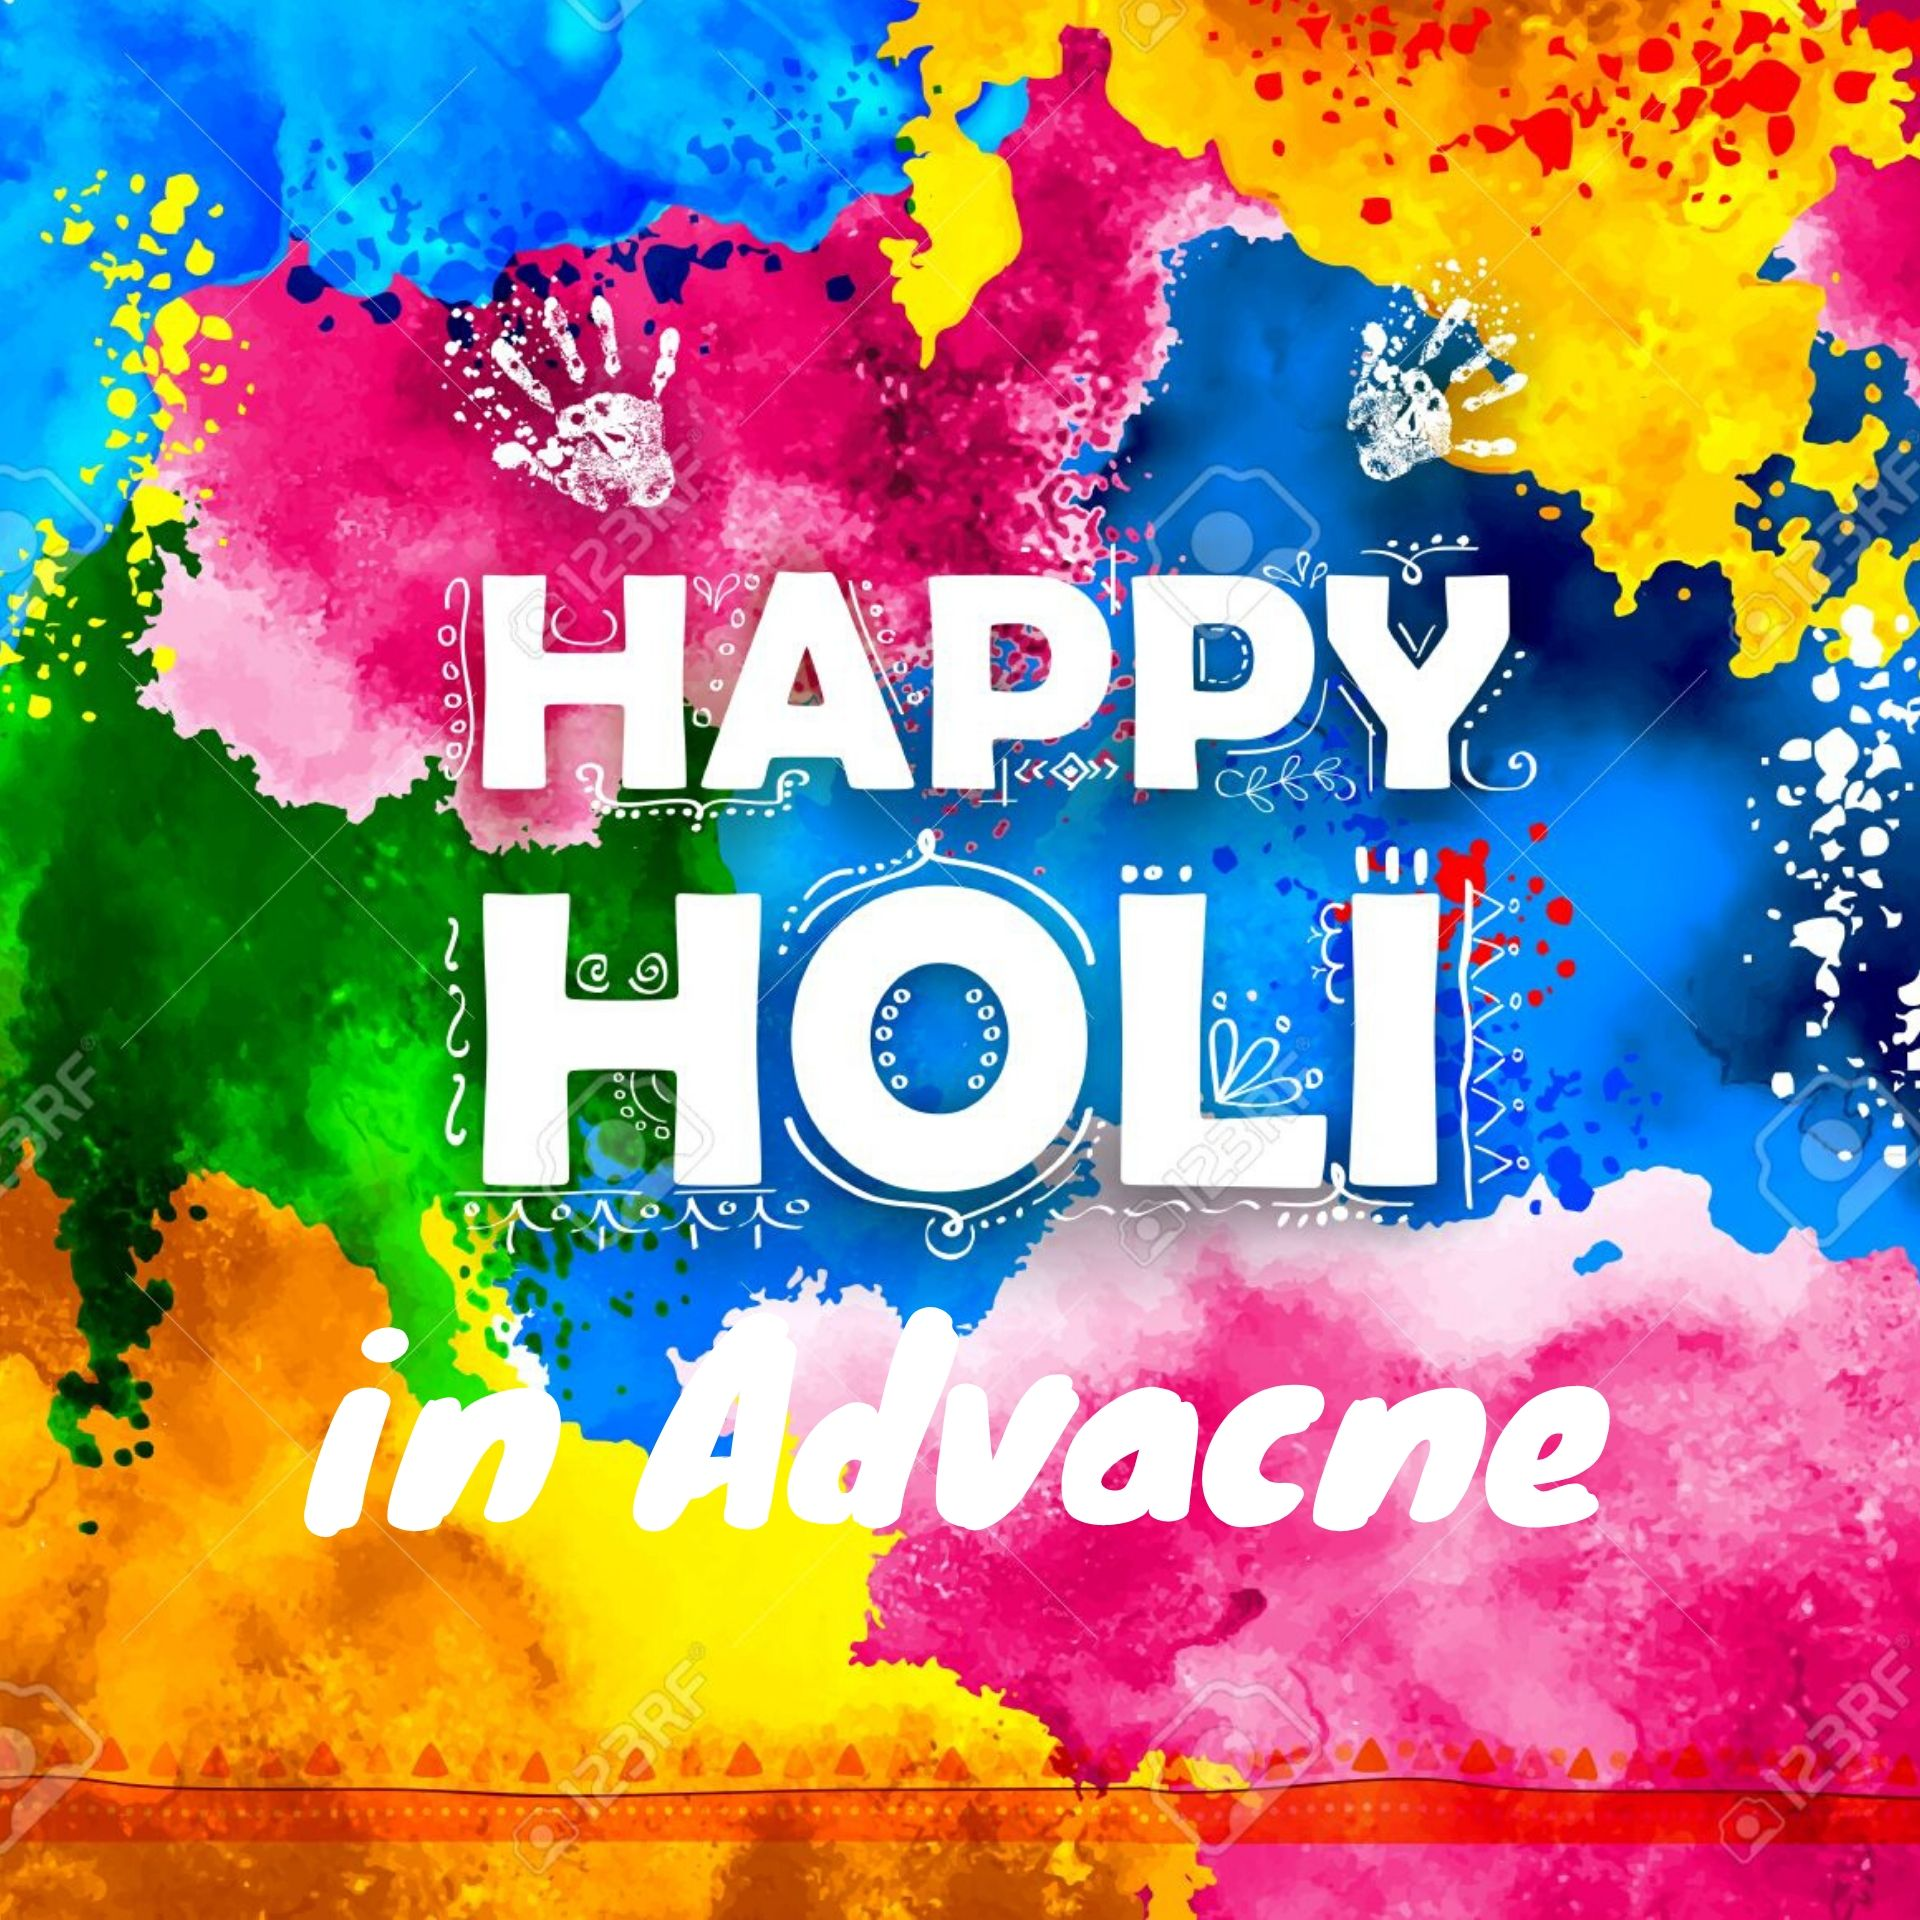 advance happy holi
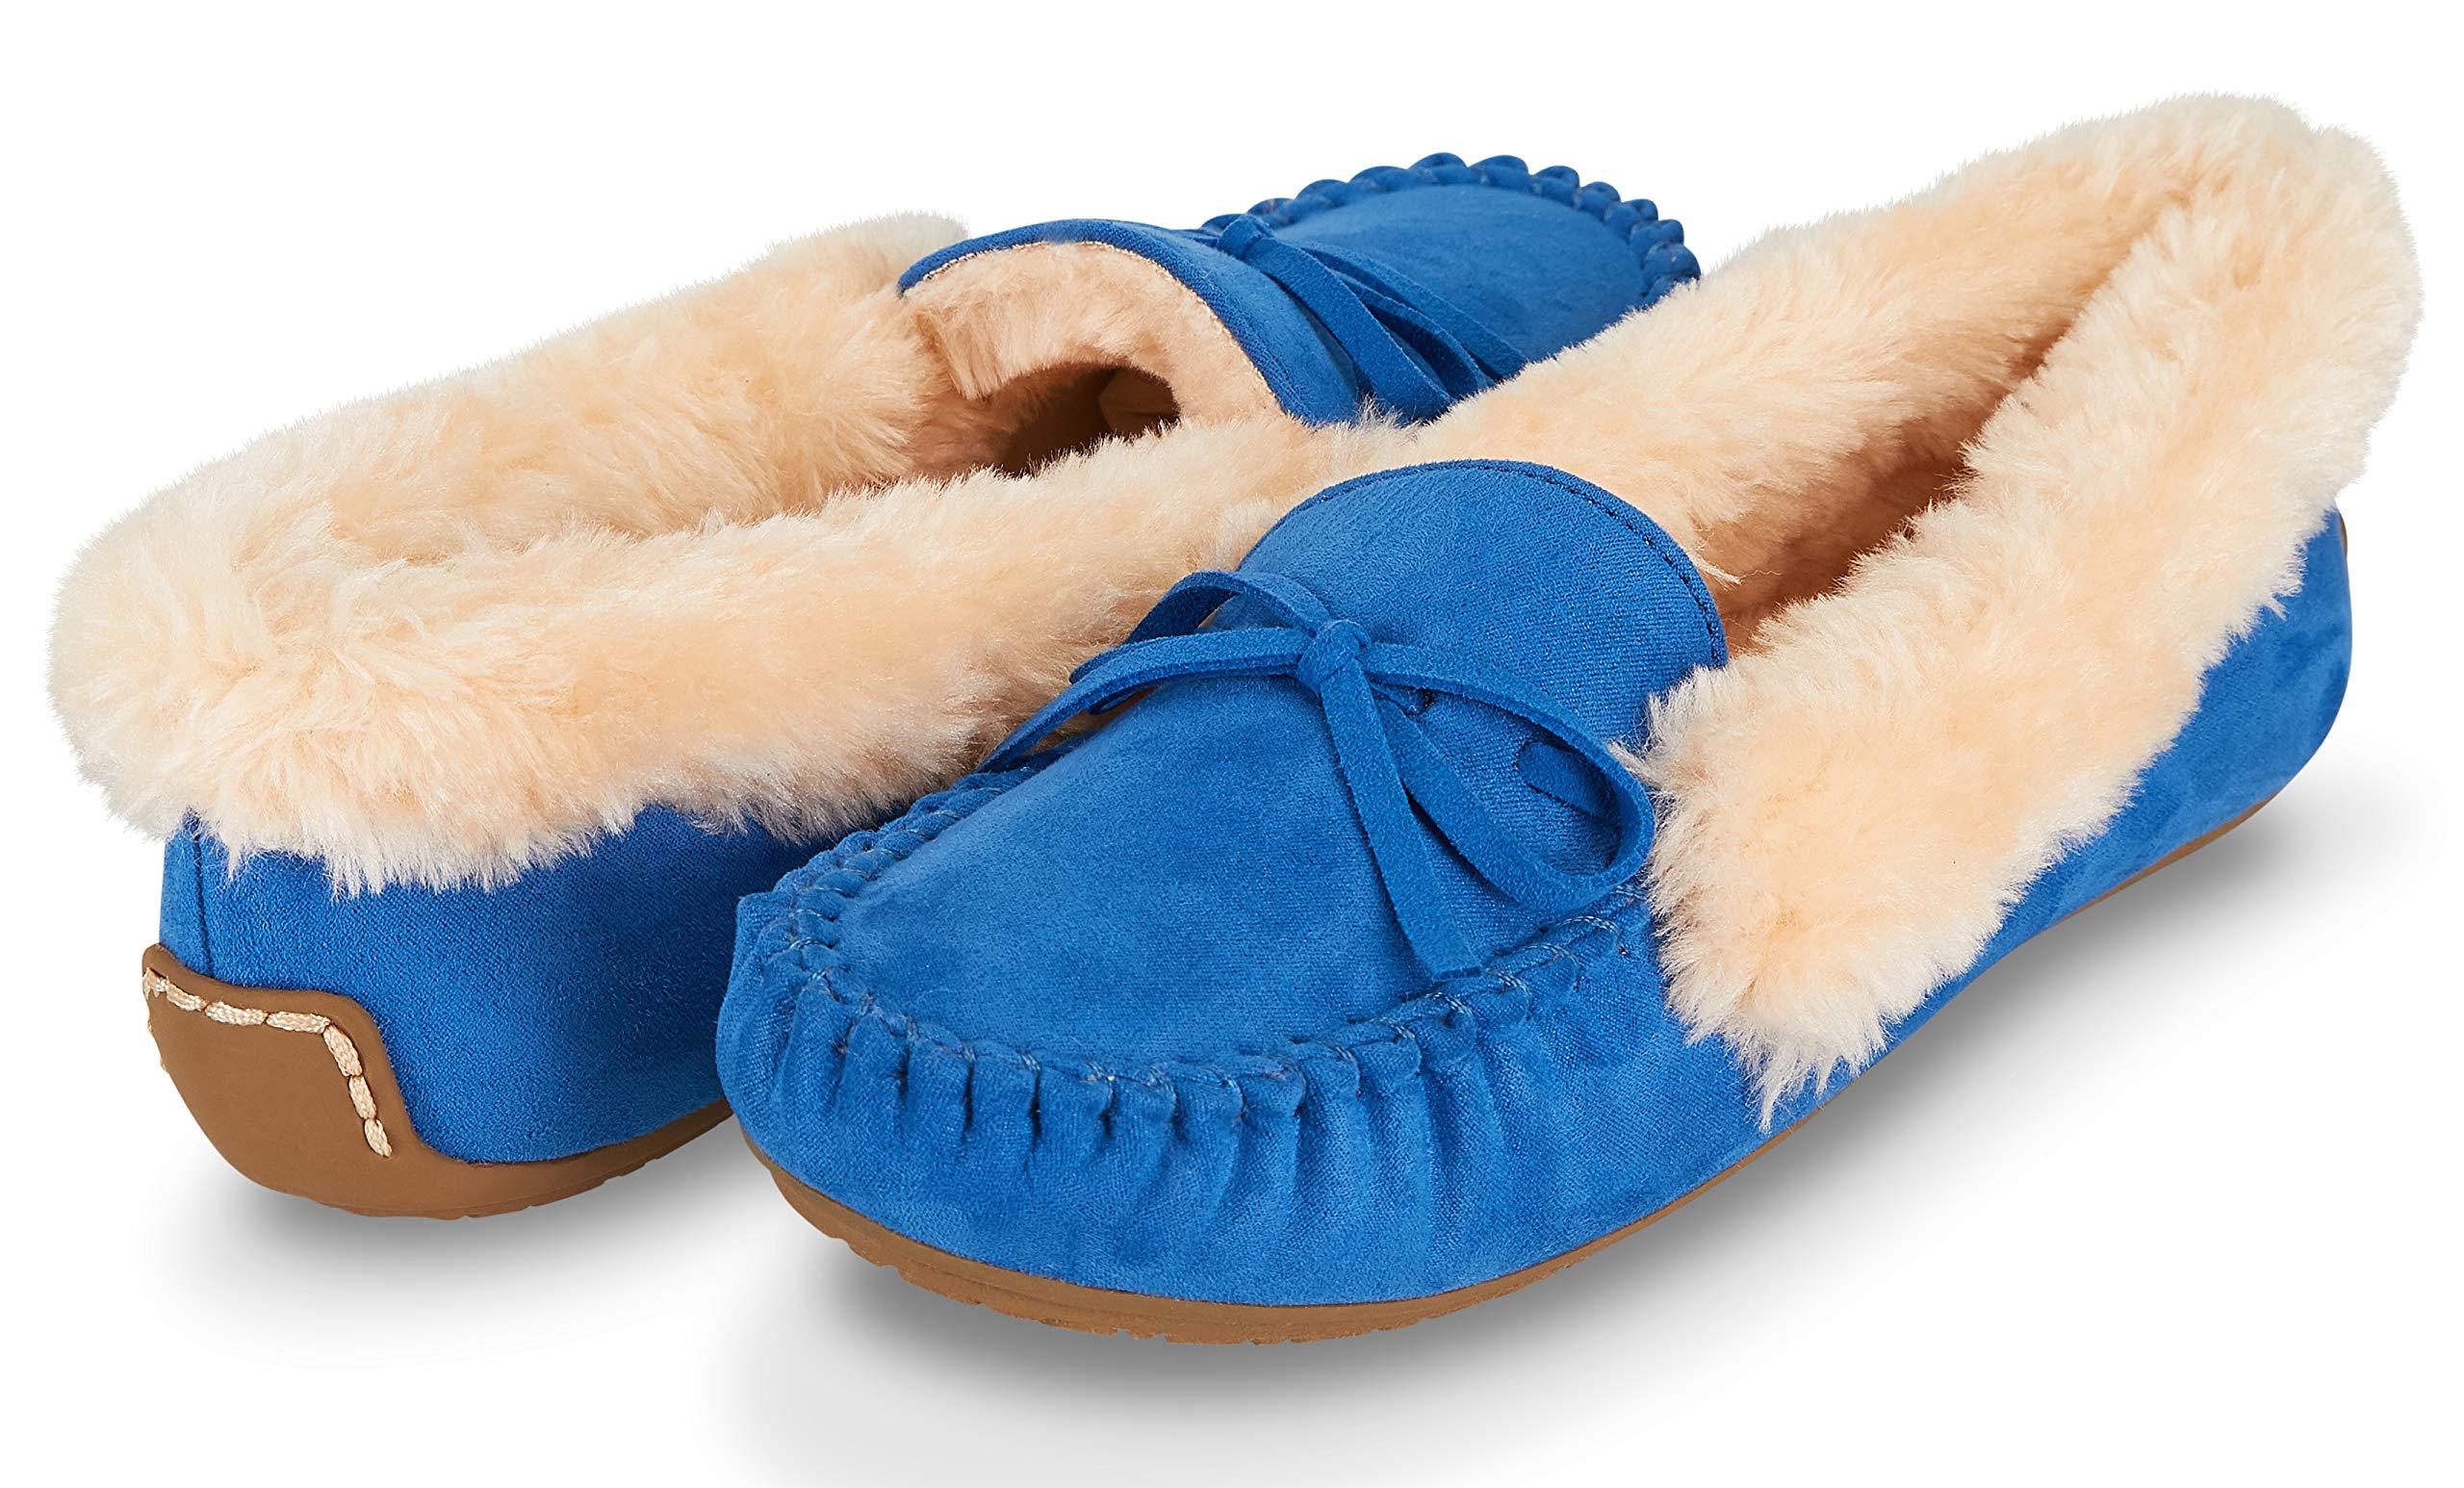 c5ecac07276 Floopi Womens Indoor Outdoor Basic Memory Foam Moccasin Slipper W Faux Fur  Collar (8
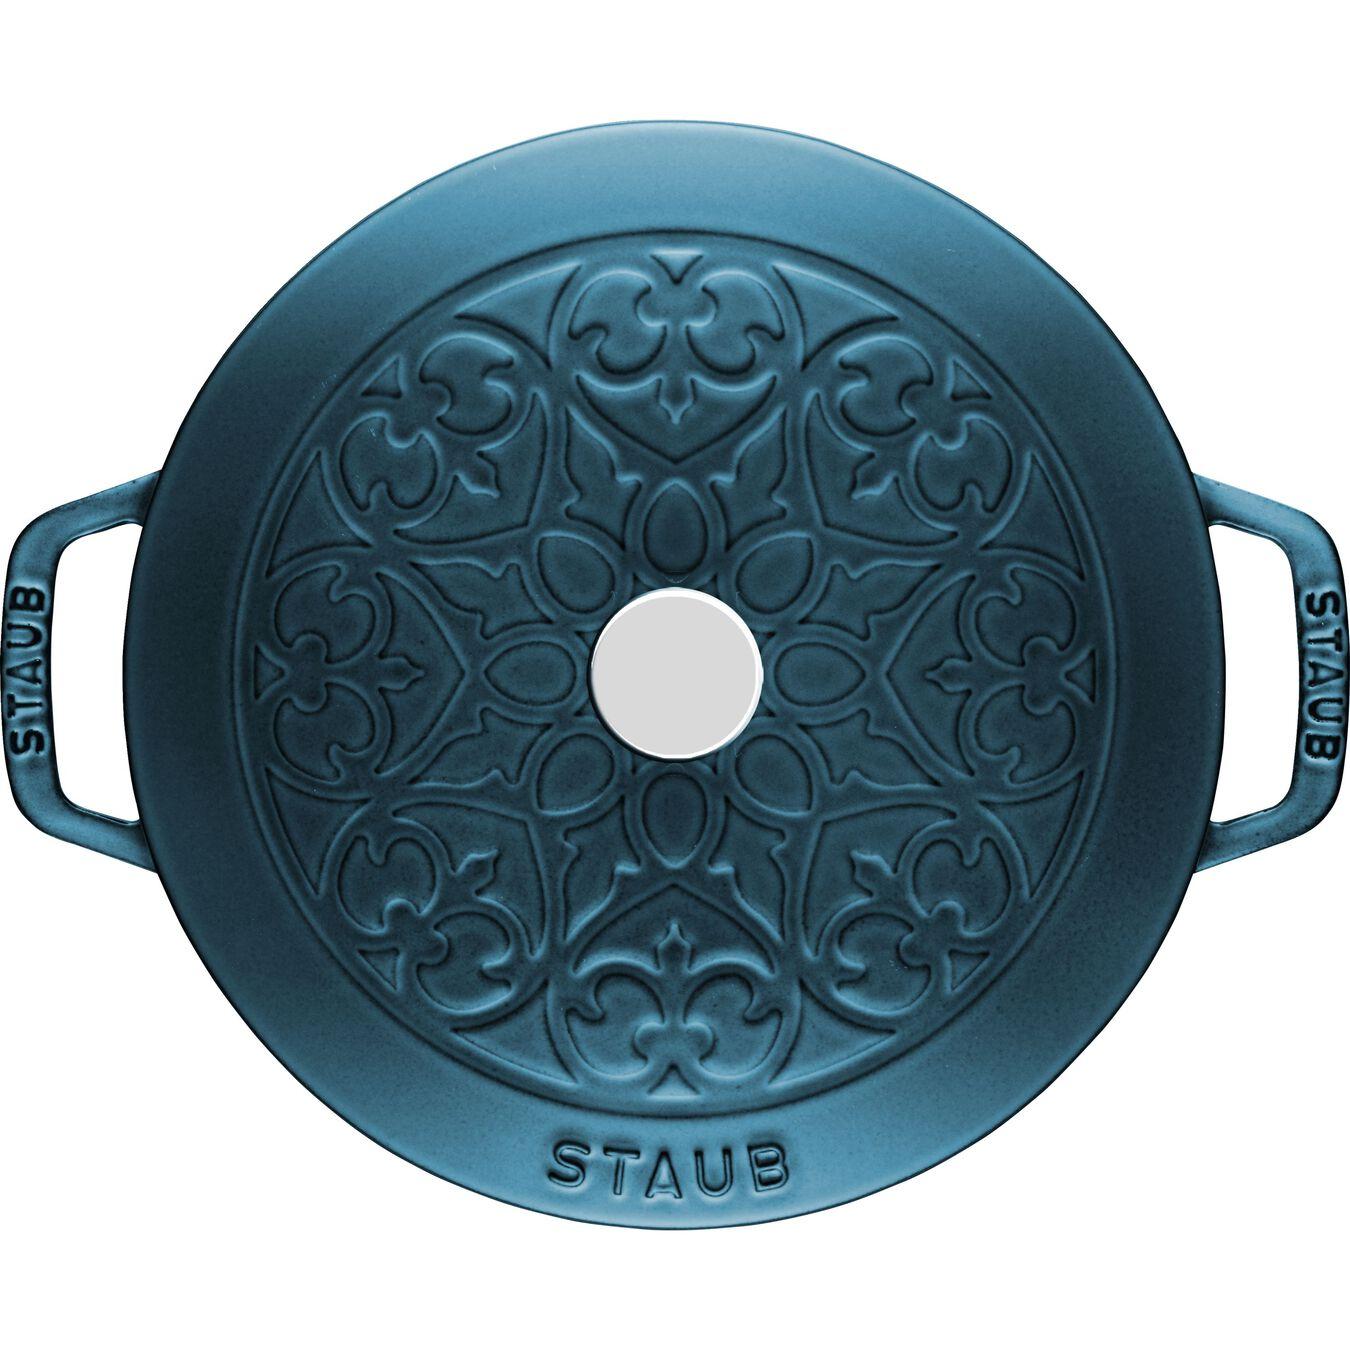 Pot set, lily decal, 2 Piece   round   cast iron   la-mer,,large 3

◆ TASK TO CARRY OUT: Write out, word for word, the lines running from the one containing "c5ecac07276 Floopi Womens" to the end of the data above; the pictures are to be left out.

◆ REPLY:
 c5ecac07276 Floopi Womens Indoor Outdoor Basic Memory Foam Moccasin Slipper W Faux Fur  Collar (8
 Pot set, lily decal, 2 Piece   round   cast iron   la-mer,,large 3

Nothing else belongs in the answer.